Yep...I was using a toaster oven to dry out some habaneros in order to grind them up for seasoning, by toasting them at low heat for a few minutes a couple times a day. After 2-3 days you couldn’t go in my kitchen without your eyes starting to water. After 4-5 days it was even worse, but by that time they were pretty much ready to be ground up :-)
That's the secret behind this stuff. Does wonders for migraines!
http://en.wikipedia.org/wiki/Euphorbia
http://en.wikipedia.org/wiki/Resin_Spurge
ToxicityThe latex (milky sap) of spurges acts as a deterrent for herbivores as well as a wound healer. Usually it is white, but in rare cases (e.g. E. abdelkuri) yellow. As it is under pressure, it runs out from the slightest wound and congeals within a few minutes of contact with the air. Among the component parts are many di- or tri-terpen esters, which can vary in composition according to species, and in some cases the variant may be typical of that species. The terpen ester composition determines how caustic and irritating to the skin it is. In contact with mucous membranes (eyes, nose, mouth) the latex can produce extremely painful inflammation. In experiments with animals it was found that the terpen ester resiniferatoxin had an irritating effect 10,000 to 100,000 times stronger than capsaicin, the "hot" substance found in chillies. Several terpen esters are also known to be carcinogenic.
Therefore spurges should be handled with caution.
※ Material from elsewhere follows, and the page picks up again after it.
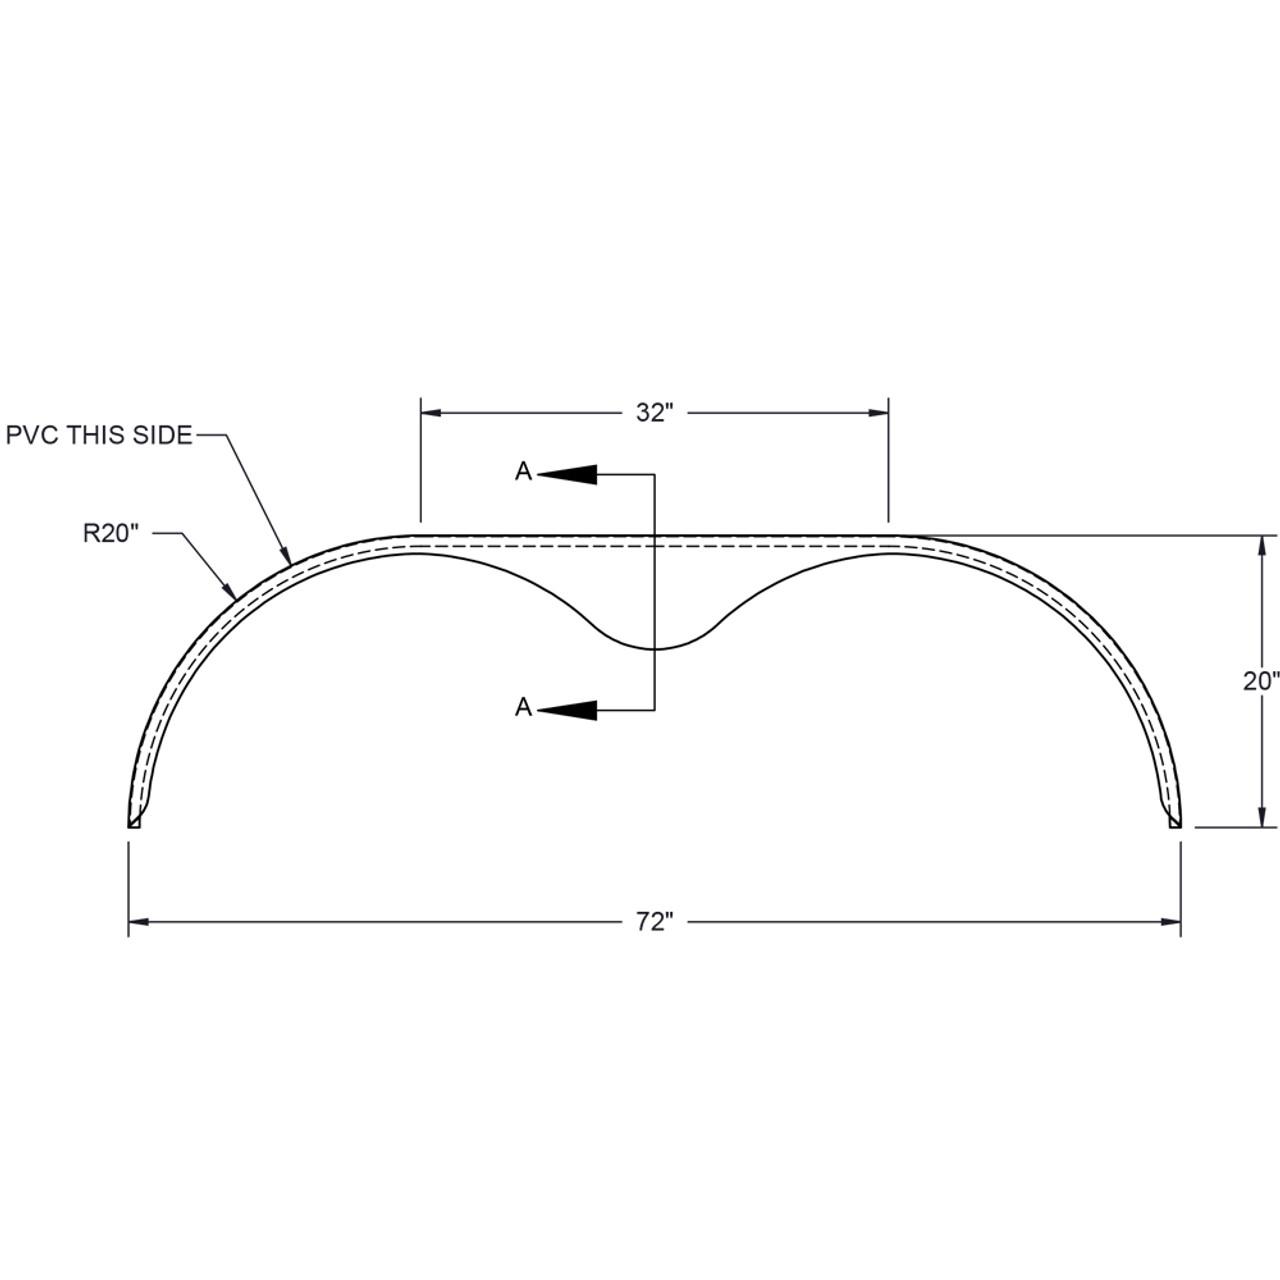 72x9 Aluminum Tread Plate Trailer Fender - Tandem Axle Teardrop - One Fender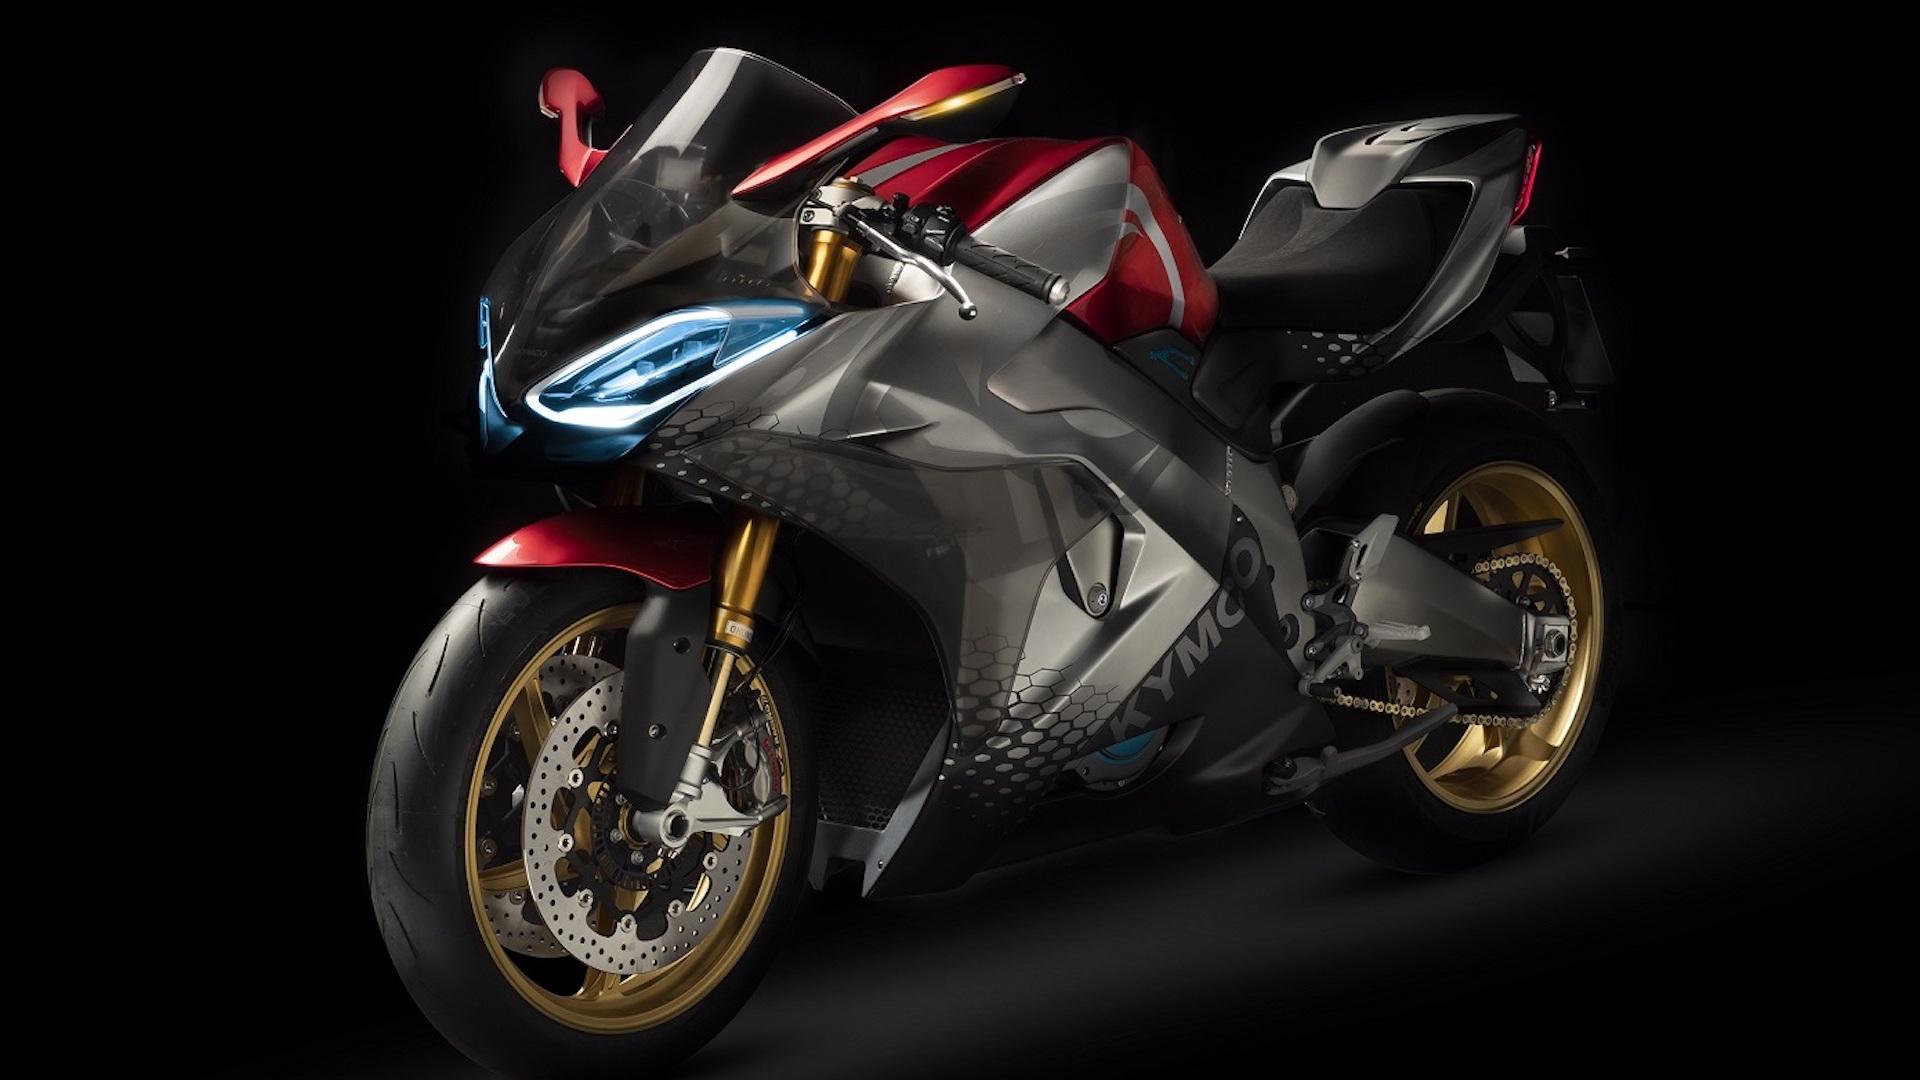 kymco d voile sa moto sportive lectrique 0 100 km h en 2 9 secondes 250 km h max vroom. Black Bedroom Furniture Sets. Home Design Ideas

Latex coming in contact with the skin should be washed off immediately and thoroughly. Partially or completely congealed latex is often no longer soluble in water, but can be removed with an emulsion (milk, hand-cream). A physician should be consulted regarding any inflammation of a mucous membrane, especially the eyes, as severe eye damage including possible permanent blindness may result from acute exposure to the sap.[6] It has been noticed, when cutting large succulent spurges in a greenhouse, that vapours from the latex spread and can cause severe irritation to the eyes and air passages several metres away. Precautions, including sufficient ventilation, are required. Small children and domestic pets should be kept from contact with spurges.
That’s the video I saw! The guy grows peppers and eats almost any of them, and that ghost chili laid him flat out.
}:-)4
I don’t know where you live but here in the southwest we just hang our chili’s up to dry. They generally take up to a week or so.